The mean number of off-premise alcohol outlets in buffers of various radii is shown in Table 2. The mean number of alcohol outlets ranged from approximately 0.25 outlets in a 0.1 mile radius to 20 in a 1 mile radius. Census tracts contained on average 3.3 outlets, corresponding in size to a buffer of between a ¼ mile and a ½ mile radius. The mean numbers of outlets in various categories in Los Angeles and Louisiana were comparable and not significantly different. However, the mean distance to the closest outlet in Louisiana was somewhat larger and significantly different.

Table 2.

Descriptive statistics of the number of alcohol outlets in buffers of varying radii around respondents, in census tract and mean distance to closest alcohol outlet by study site.

Louisiana Los Angeles
Min 1st quartile Mean 3rd quartile Max Min 1st quartile Mean 3rd quartile Max
Number of outlets in .1 mile buffer 0 0 0.19 0 4 0 0 0.17 0 4
Number of outlets in .25 mile buffer 0 0 1.33 2 16 0 0 1.27 2 8
Number of outlets in .5 mile buffer 0 0 5.41 8 43 0 2 5.30 8 19
Number of outlets in 1.0 mile buffer 0 6 10.58 27 115 0 10 19.67 28 63
Number of outlets in census tract 1 2 3.30 5 14 1 2 3.36 5 9
Distance to closest outlet (miles) 0 0.36 0.67 0.62 30.84 0 0.17 0.48 0.49 4.50

Drinkers vs. non Non-drinkers

The MOR is a measure of how much drinking status varies by census tract.
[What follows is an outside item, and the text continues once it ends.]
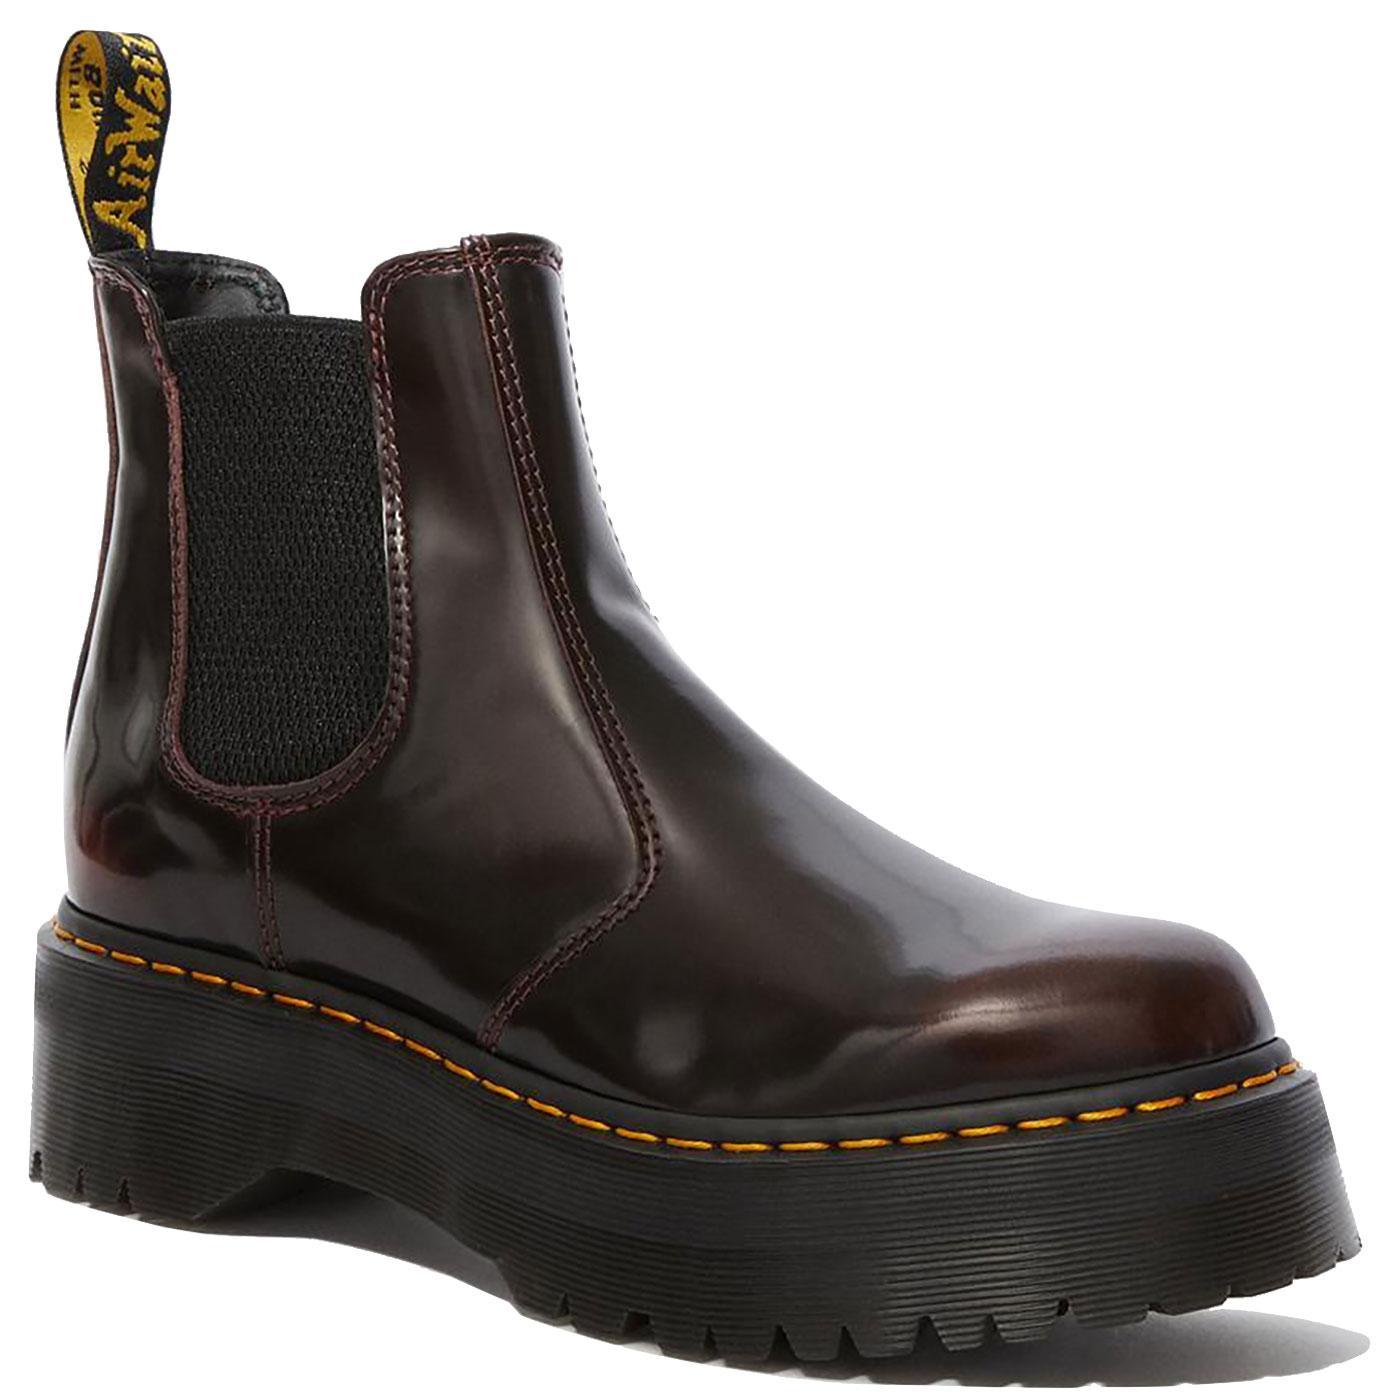 2976 Quad DR MARTENS Women's Platform Boots CHERRY

The smallest MOR, 1, implies no variability in drinking status among census tracts; a large MOR implies a large variability. The unadjusted MOR for drinking status were 1.77(p =.0018) for Louisiana and 1.74 (p<.0001) for Los Angeles. This means that the median risk in becoming a drinker by moving from one census tract to another increased by 77% in Louisiana and 74% in Los Angeles. The adjusted median odds ratios was 1.32 (p=0.24) for Louisiana. In Los Angeles, however, the tract-level variance was zero after adjusting for covariates. This means that there was no longer any variation in drinking status after adjusting for covariates.

The corresponding random intercept logistic regressions in Table 3 show that after adjustment for individual-level covariates there was not a strong relationship between drinking status and outlet density. Even though the odds ratios for the number of alcohol outlets in a one mile radius were marginally statistically significant, the odds ratios themselves were very small(1.01 in Louisiana and 0.99 in Los Angeles). The pseudo R squared values for the models were 14.0% and 10.7%, respectively.

Table 3.

Adjusted odds ratios of drinking status (yes/no) for covariates separately for Louisiana and Los Angeles.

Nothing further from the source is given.